Posted on:2011-12-19Degree:MasterType:Thesis
Country:ChinaCandidate:L JiangFull Text:PDF
GTID:2178360305468931Subject:Signal and Information Processing
Abstract/Summary:PDF Full Text Request
As an important branch of unsupervised pattern recognition, fuzzy c-means cluster has wide application in the fields of pattern recognition, data mining, computer vision, fuzzy control and other fields. Fuzzy C-means (FCM) cluster algorithm is an algorithm based on objective function. It has the advantages of deep mathematical theoretical foundation, simple design as well as widely range of solving problems. Meanwhile lots of FCM algorithms basing on other prototype have been formed. However there still were many problems to be solved, such as need to define the parameters of cluster prototype artificially, cluster results easily falling into local peak, long time consuming under large volume data and unable to process the data of special types directly. So the FCM algorithm needs further improvements.On the basis of numerous research achievements, this paper does comparatively deep research on the existent insufficiency of FCM cluster algorithm.

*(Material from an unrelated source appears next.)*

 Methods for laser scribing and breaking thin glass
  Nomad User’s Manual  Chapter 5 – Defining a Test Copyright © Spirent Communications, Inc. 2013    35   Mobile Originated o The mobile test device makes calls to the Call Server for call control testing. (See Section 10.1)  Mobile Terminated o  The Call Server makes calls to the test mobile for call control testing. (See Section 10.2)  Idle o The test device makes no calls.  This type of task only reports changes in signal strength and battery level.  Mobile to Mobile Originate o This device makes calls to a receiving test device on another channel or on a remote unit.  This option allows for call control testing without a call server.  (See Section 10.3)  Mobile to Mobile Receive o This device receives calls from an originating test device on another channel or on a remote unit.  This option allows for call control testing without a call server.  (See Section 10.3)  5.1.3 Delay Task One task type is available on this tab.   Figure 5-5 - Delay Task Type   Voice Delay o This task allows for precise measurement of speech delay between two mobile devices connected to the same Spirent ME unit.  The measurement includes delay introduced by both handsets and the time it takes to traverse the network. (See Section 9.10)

Based on the theories of bootstrapping, statistical characteristics of samples and kernel function, it proposed two kinds of modified FCM cluster algorithms respectively. It also put forward a new validity index to evaluate the partition results according to Shannon entropy and fuzzy variation theory. In addition, by considering the effect of neighbor pixels and designing weight, the paper presented a weighted FCM algorithm that could be used in the segmentation on noisy images. And for some more complex images, we initialized the number of cluster center by calculating the validation function. Finally we combined FCM algorithm with neural network and used them in the design of vehicle classification. Experiments proved that the modified algorithms were feasible and its validity function had good classification property.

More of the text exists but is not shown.